This is a cool problem, and it _is_, indeed, quite hard! I hadn't seen it before.
If we look at the primary solution offered in the Wikipedia article, it does not have the fatal flaw you think it does. The solution does assume, as you say, that "one of the gods must answer a factual question truthfully". That's fine, as that is part of the statement of the problem: "True always speaks truly", and we know that True is one of the gods. But nowhere in the rest of the solution is there the conclusion or assumption that "ja" corresponds to "yes" and "da" corresponds to "no." It's an intricate and complicated solution, and so it can be hard to follow, and I totally empathize with perhaps misreading it.
I don't think I can write up in this space another presentation of that solution that's better or clearer than the one in the Wikipedia article to help show that it's never assigning a specific meaning for "ja" or "da". But if you'd like to schedule a session with me, I'm happy to walk through the solution together and show you how it works and address questions.

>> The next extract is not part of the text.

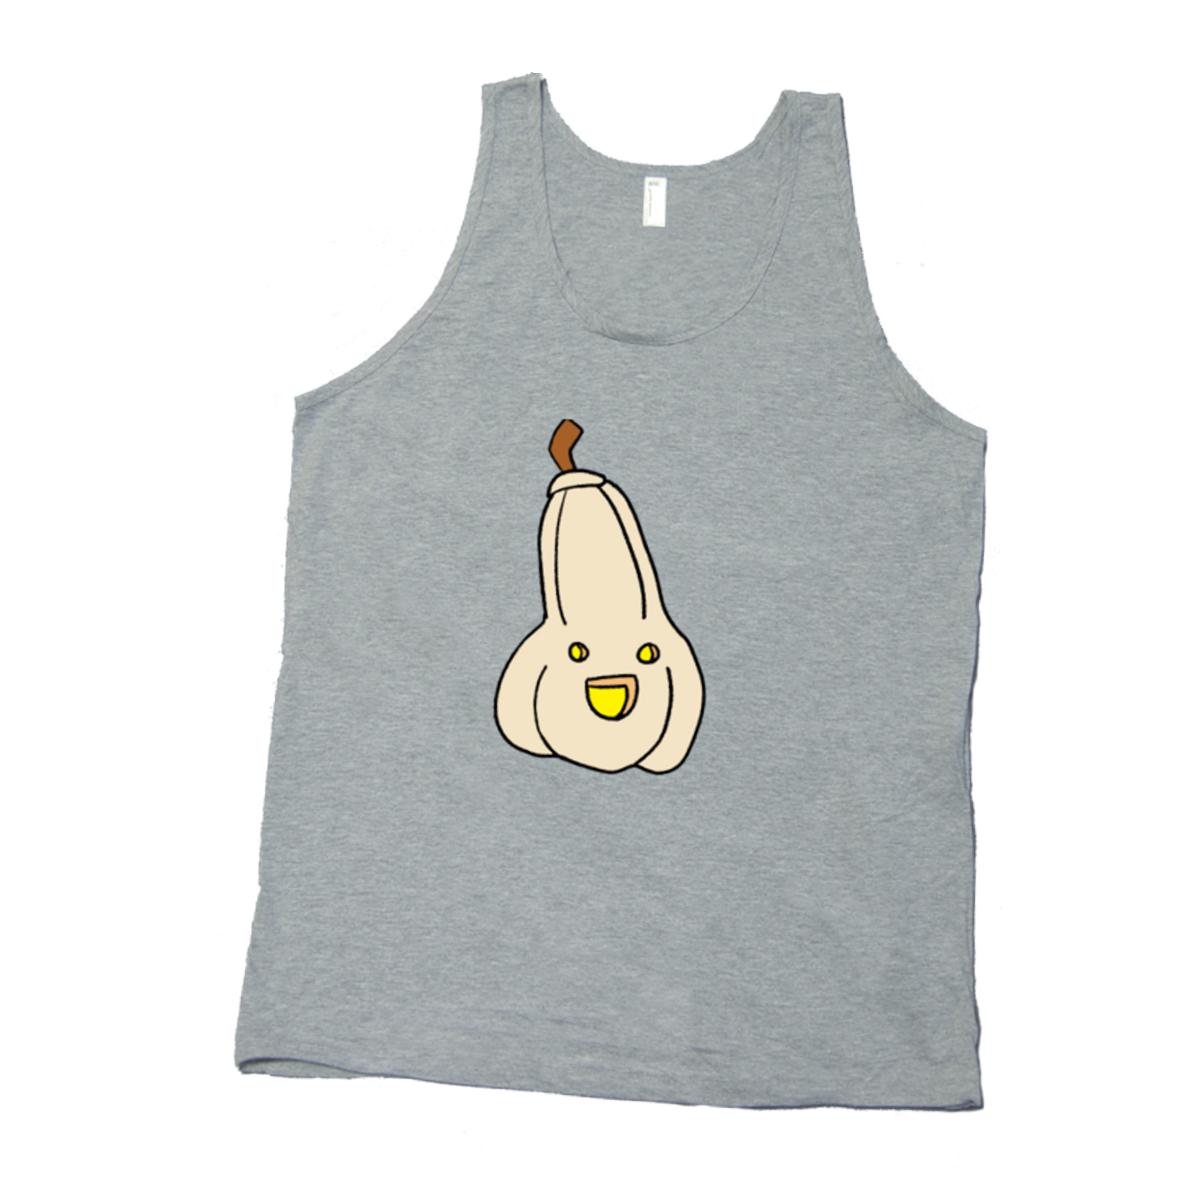 The New Guy Unisex Tank Top Extra Small heather-grey

I can't really help with questions about whether there are harder, unsolved puzzles. There are plenty of unsolved, interesting mathematical questions out there, but I'm not sure they're puzzles, per se. You might be interested in Hilbert's problems, if you're not already considering those: https://en.wikipedia.org/wiki/Hilbert%27s_problems
Your questions 2 and 3 are basically answered by the Wikipedia article, if you accept that it actually does solve the puzzle: it's a valid solution, and it even has a truth table!